• **Data excerpts**
/---

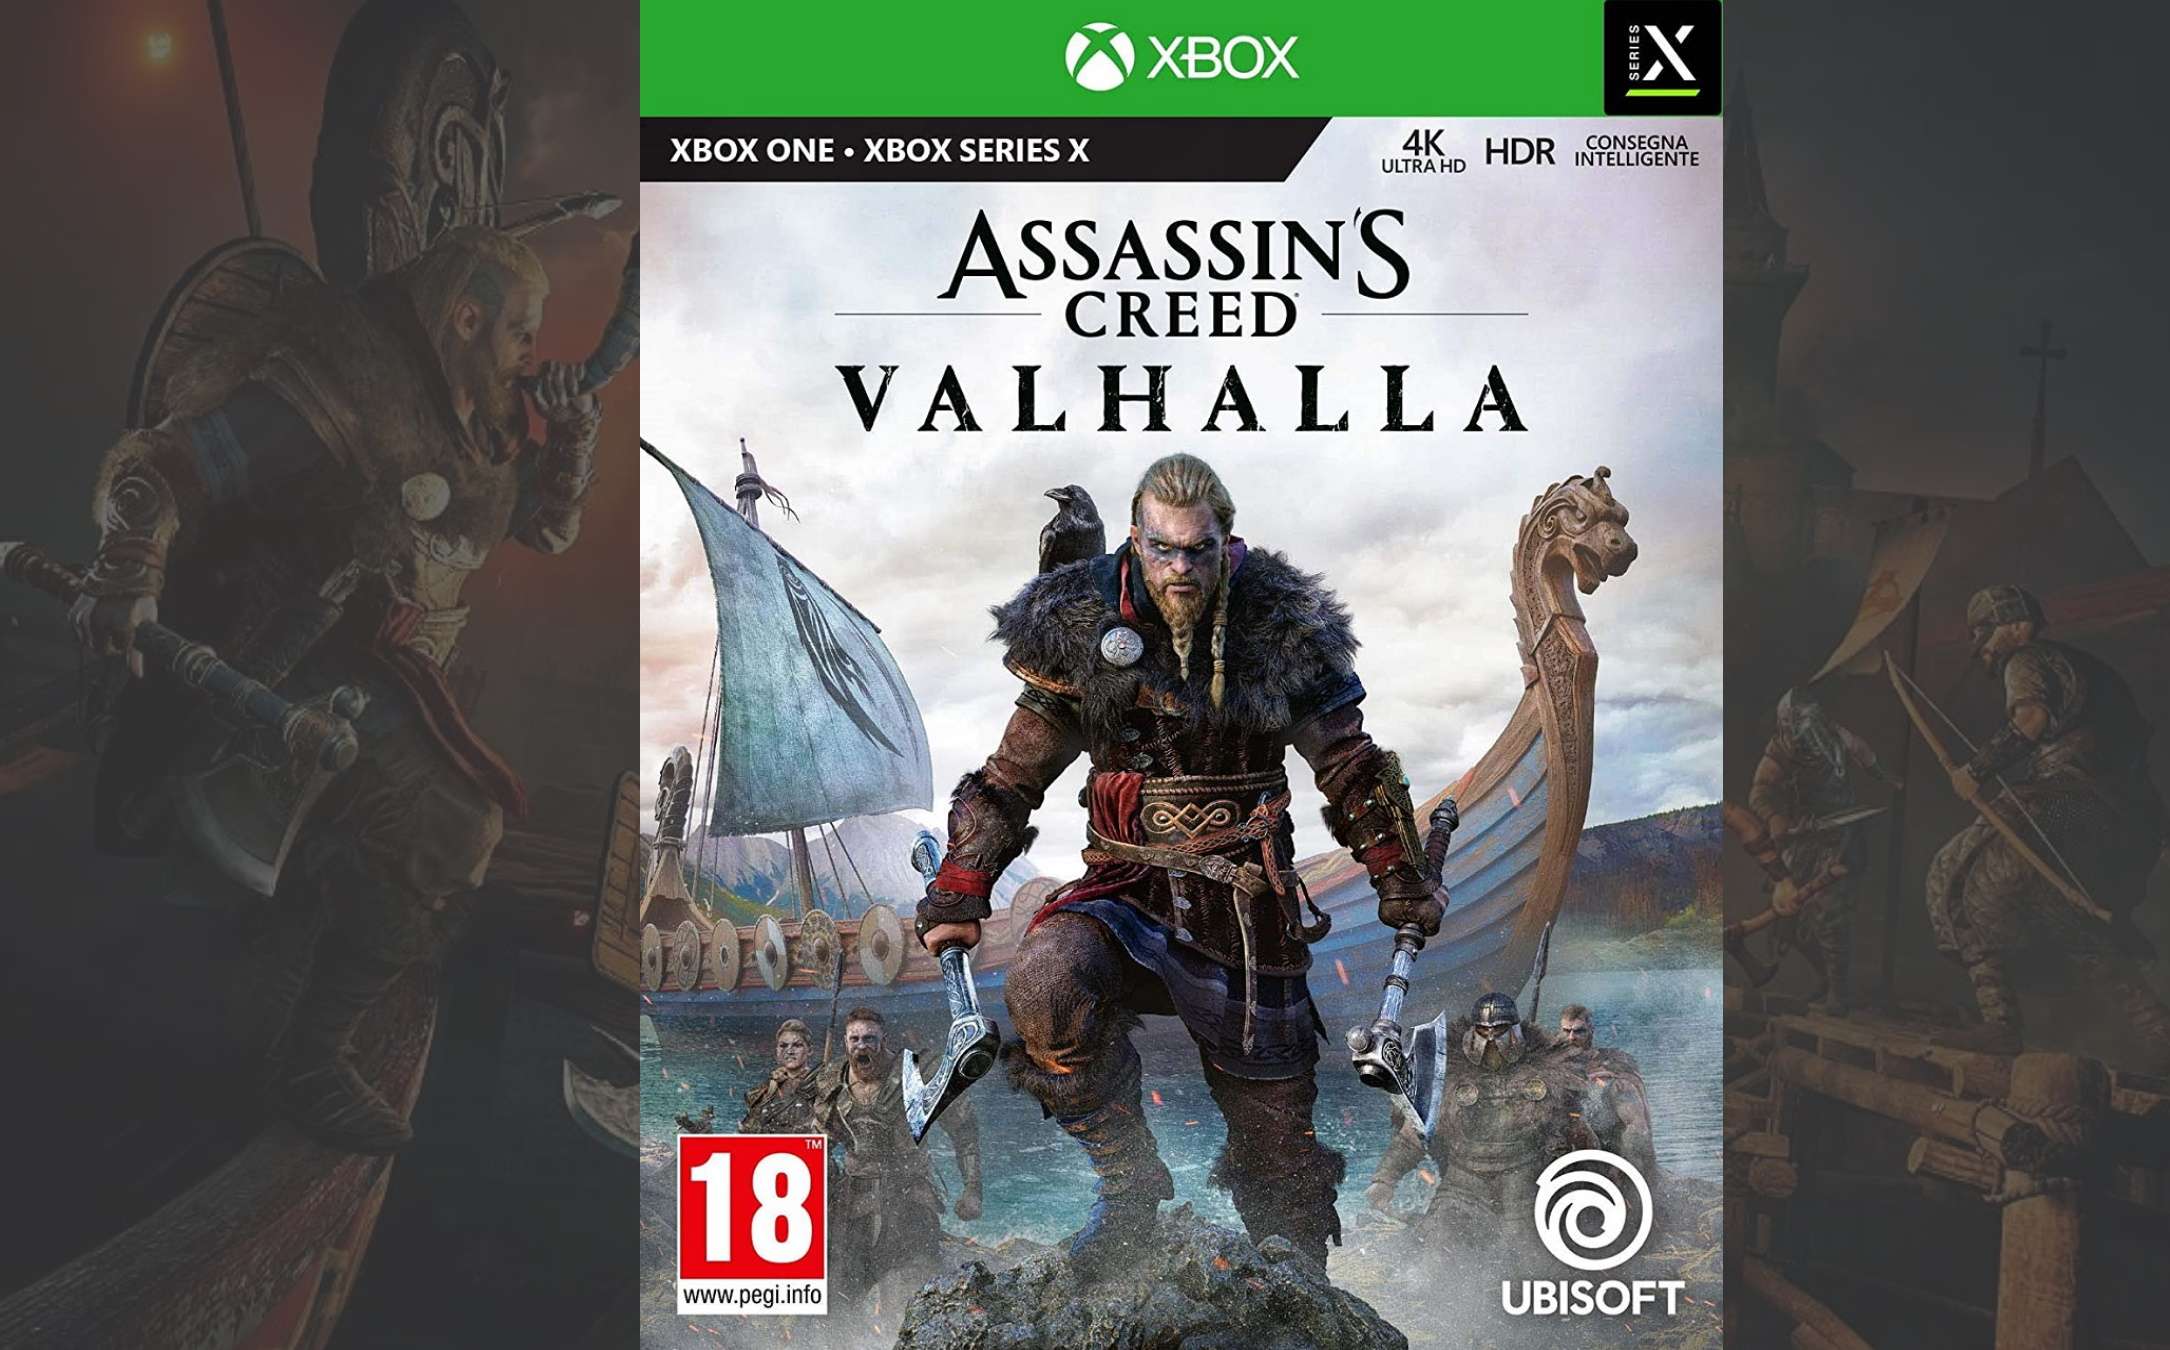 Assassin's Creed Valhalla per Xbox al minimo storico scontato di 50 euro
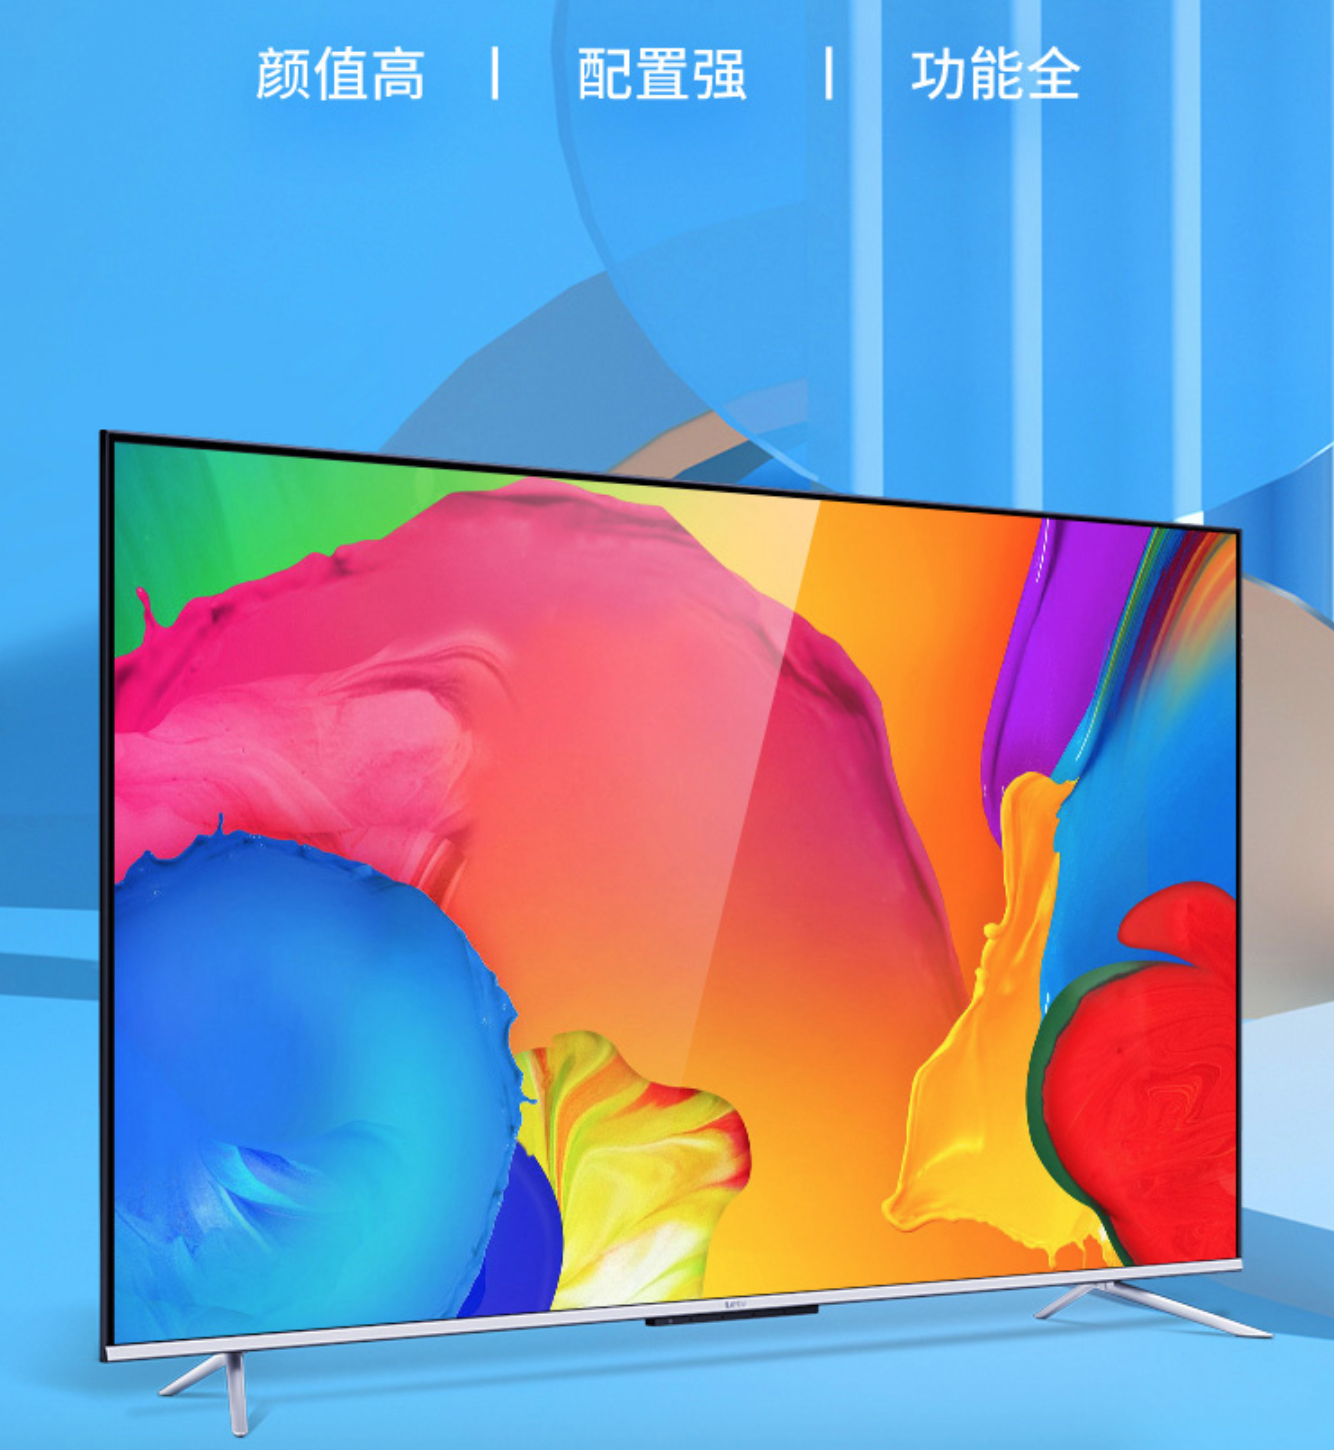 乐视G65S具备优秀电视三要素 颜值高、配置强、功能全
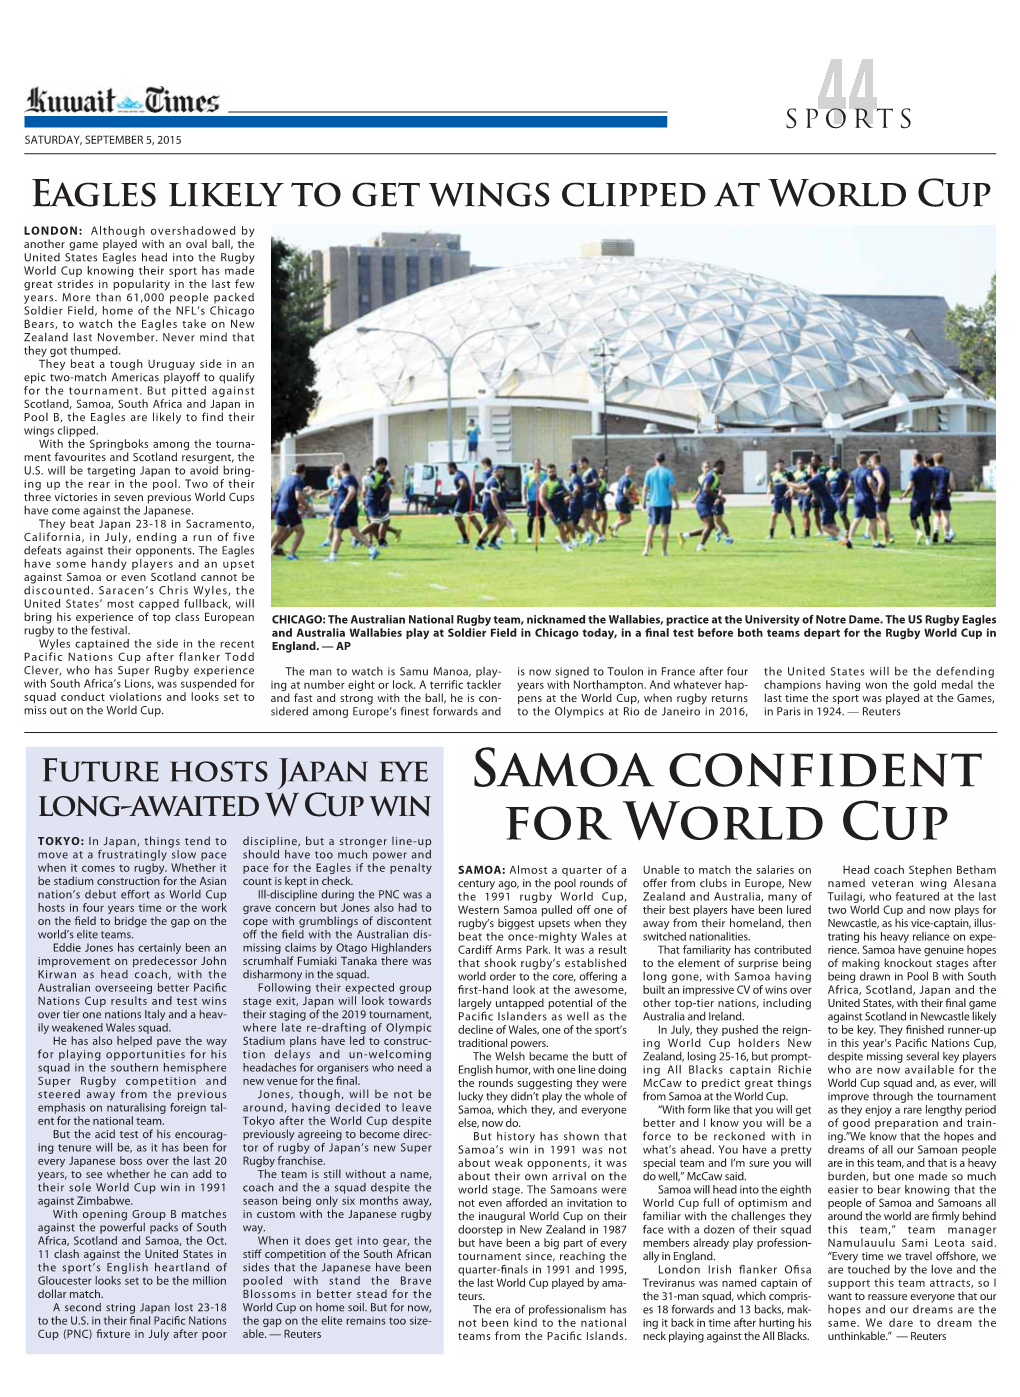 Samoa Confident for World
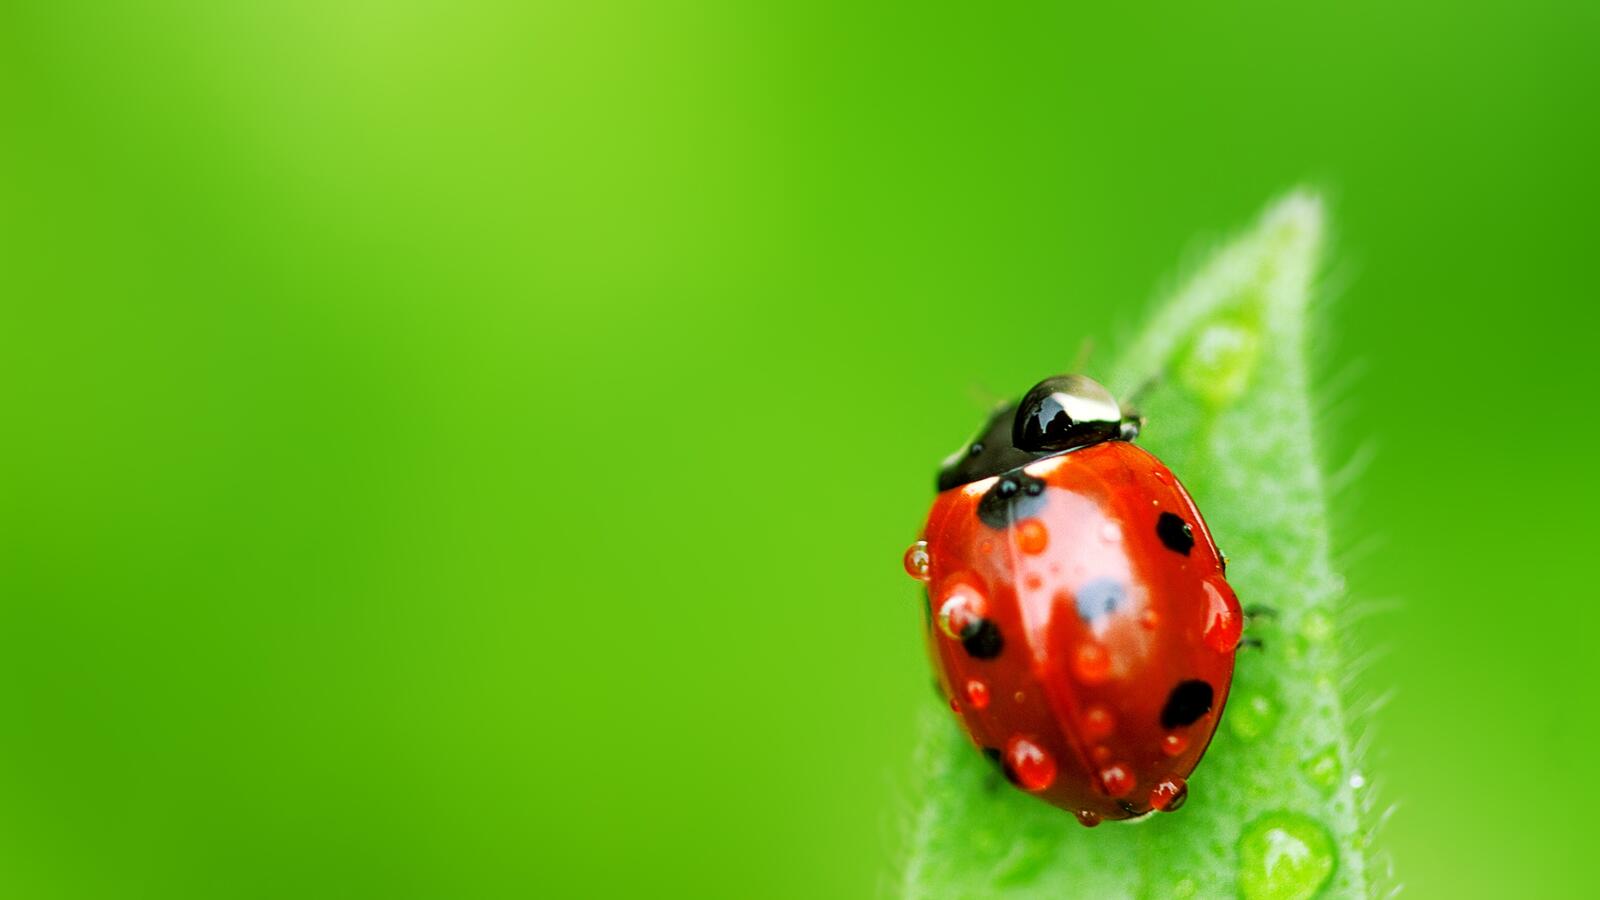 Free photo A ladybug crawls on a green leaf
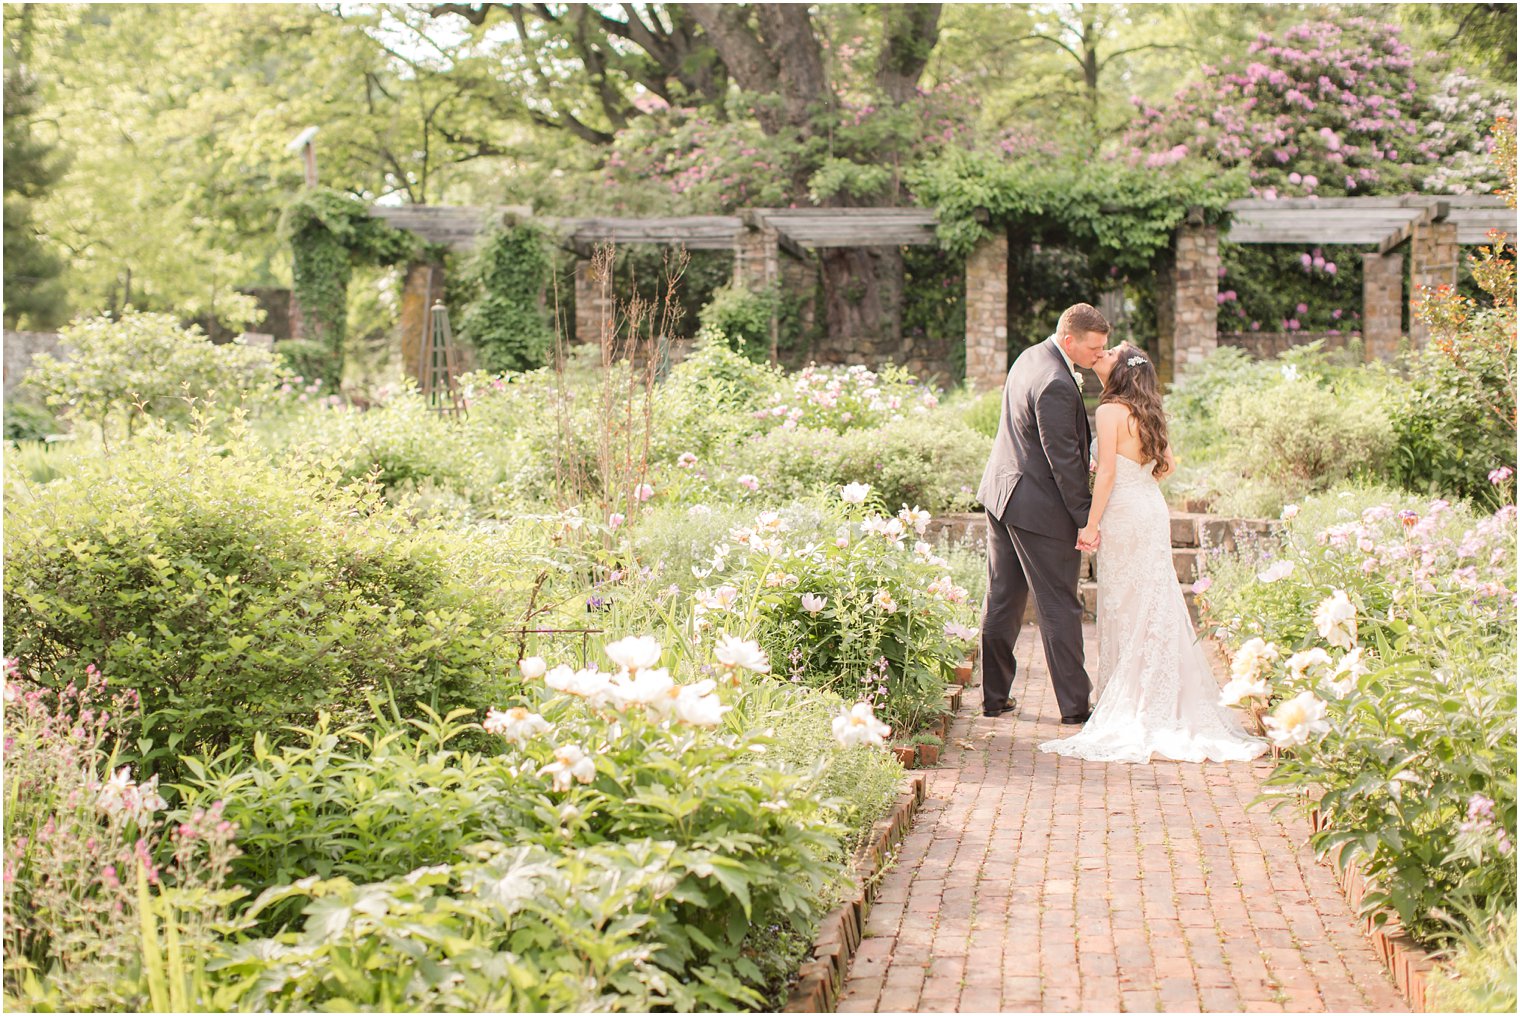 romantic gardens for wedding photos

\---

• **WORK ITEM**
Repeat every entry above exactly as written and omit any pictures it holds.

• **ANSWER SECTION**
 Assassin's Creed Valhalla per Xbox al minimo storico scontato di 50 euro
 乐视G65S具备优秀电视三要素 颜值高、配置强、功能全
 Samoa Confident for World
 Free photo A ladybug crawls on a green leaf
 romantic gardens for wedding photos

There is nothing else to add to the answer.